# Disrespectful and rude



## angus242 (Oct 20, 2007)

Ancient,

Seriously, you need to step back for a moment. It's much bigger than just one guy's post. If we start allowing anybody to ask questions in here, the website is no longer Contractor Talk, it's ask contractors a question. We already have that, it's the DIY sister site. And there are a lot of contractors that DONATE their time to home owners there.

So it's not that one guy's question got him sent to his room, it's the fact that he's not a contractor, *period*. 

BTW, I was only 6 years old in 1973 :whistling. Photoshop is a wonderful thing!


----------



## NormW (Jun 4, 2009)

I agree with the way the moderators run the site.

There is a lot of good advice on this forum. You can get to it, without having to read through a bunch of internet garbage.

The fact that most of the posters here, are true tradesman and/or contractors, is what makes this site gold IMO. Most of the posts here, run right to the core of where my mind goes, when I think of business issues.

If they allowed DIYers and Homeowners to post things here, the site would get flooded and watered down. Sigh, after that, the salesmen will be knocking the doors down.

I have noticed, they do let some people post who are not directly involved in the trades. These people seem to give balance to those thread, and I think the moderator's judgement here, has been spot on.

There are many site's that cater to "how-to" queries, It's very easy to find them. I don't believe there is anything wrong, with directing people to those sites.

I'm new to the site, and as far as internet resources go... I think CT is the best I've found yet for my trade.


----------



## bwalley (Jan 7, 2009)

This guy was obviously not a builder or a contractor asking such a question, he was reffered to the DIY site.

I am on another site that I had to send copies of my contractors licenses to get Professional status, that allows me to go to areas of the forum that the public does not have access to.

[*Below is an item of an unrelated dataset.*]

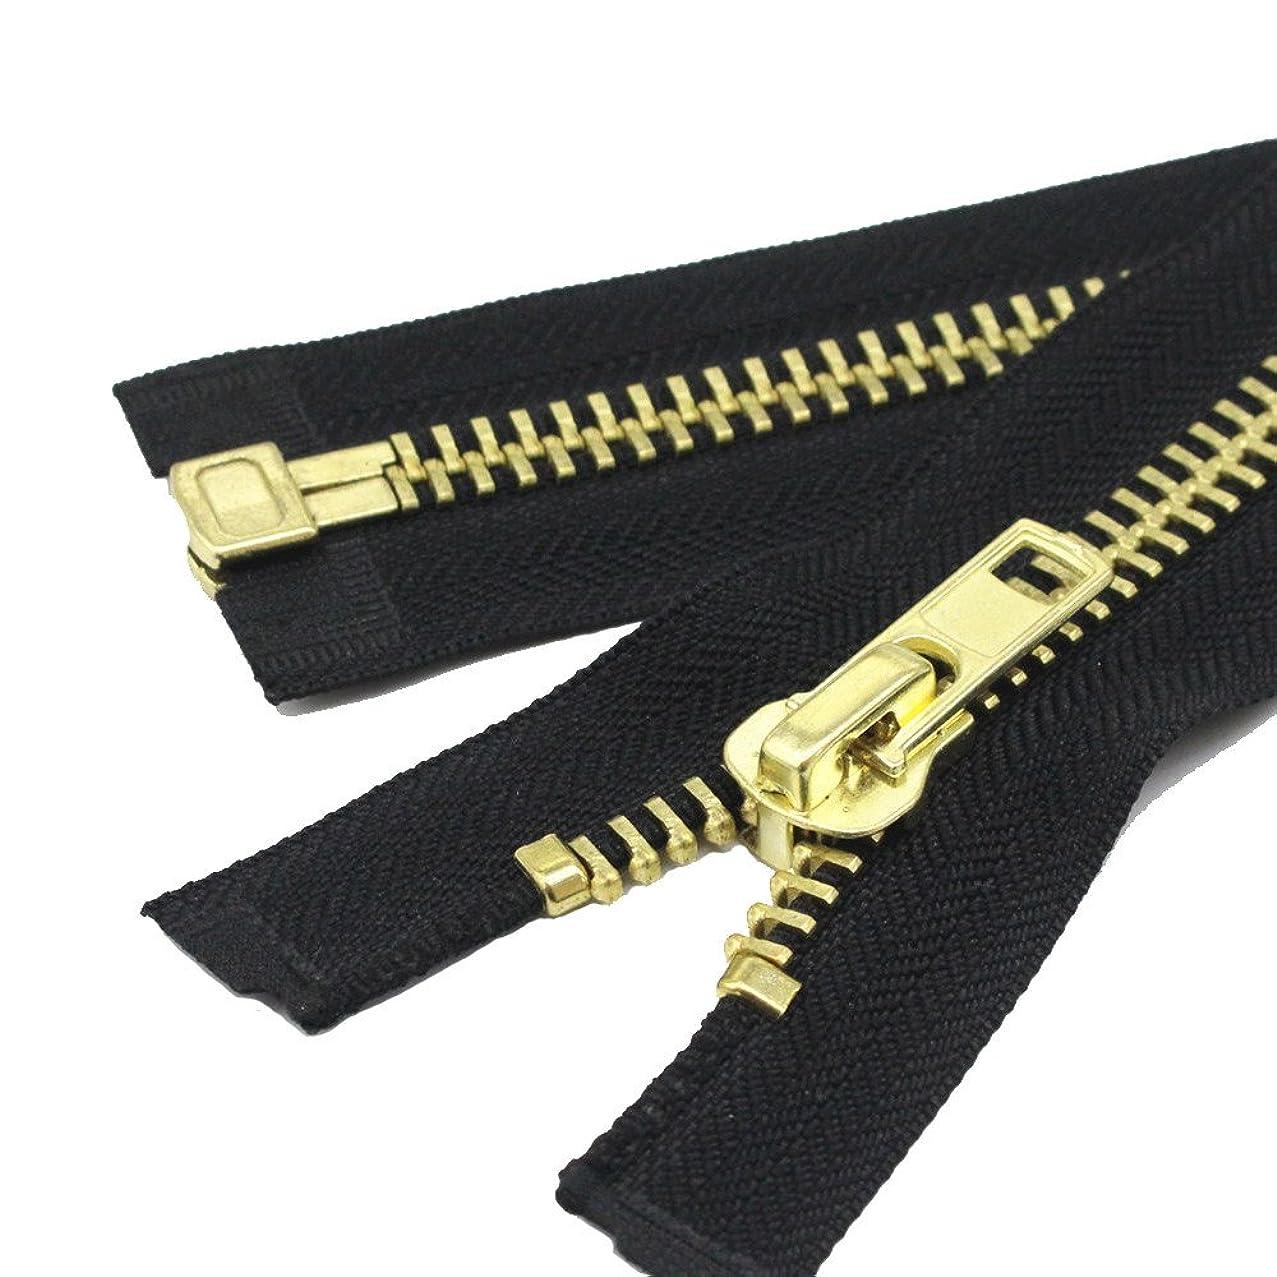 YaHoGa #10 29 Inch Brass Separating Jacket Zipper Y-Teeth Metal Zipper Heavy Duty Metal Zippers for Jackets Sewing Coats Crafts (29

This is contractors talk, not DIY talk.

Many posters come on with questions that clearly show they are either HO's saying they are contractors or guys doing side jobs that have no idea how to price a job so they want to pick the pro's brains here.

I thought this site was for contractors to talk to other contractors and to allow HO's to have access to ask questions as well, but no DIY.


----------



## JumboJack (Aug 14, 2007)

Ancient Rocker said:


> How does secrecy make this valid? We need to talk "privately" so we don't embarrass the "moderators"? The man asked a legitimate question that 99% of this forum knows nothing about. and he is chastised by you and sent to his room and grounded. I have never read any of his other posts and that is irrelevant to this one. I thought the purpose for threads was to exchange ideas and information to help every one. And who in the world is going to know one iota about his question on DIY? You are entirely off base and trying to send a "private message" serves no purpose to any one for any reason. Do you think if we had this exchange in "private" your lame excuses would be more convincing? This poster must be a pariah or a criminal to be treated like an outcast even if his thread is better than 90% of the others posted by "professionals".


:wallbash:


----------



## KennMacMoragh (Sep 16, 2008)

genecarp said:


> True, i think if you continue to read rule #6 the spirit of its intent is clearly defined, GMOD


No, I think I understand based on how they close threads. But they don't do anything as stated in rule #6.


----------



## JumboJack (Aug 14, 2007)

KennMacMoragh said:


> No, I think I understand based on how they close threads. But they don't do anything as stated in rule #6.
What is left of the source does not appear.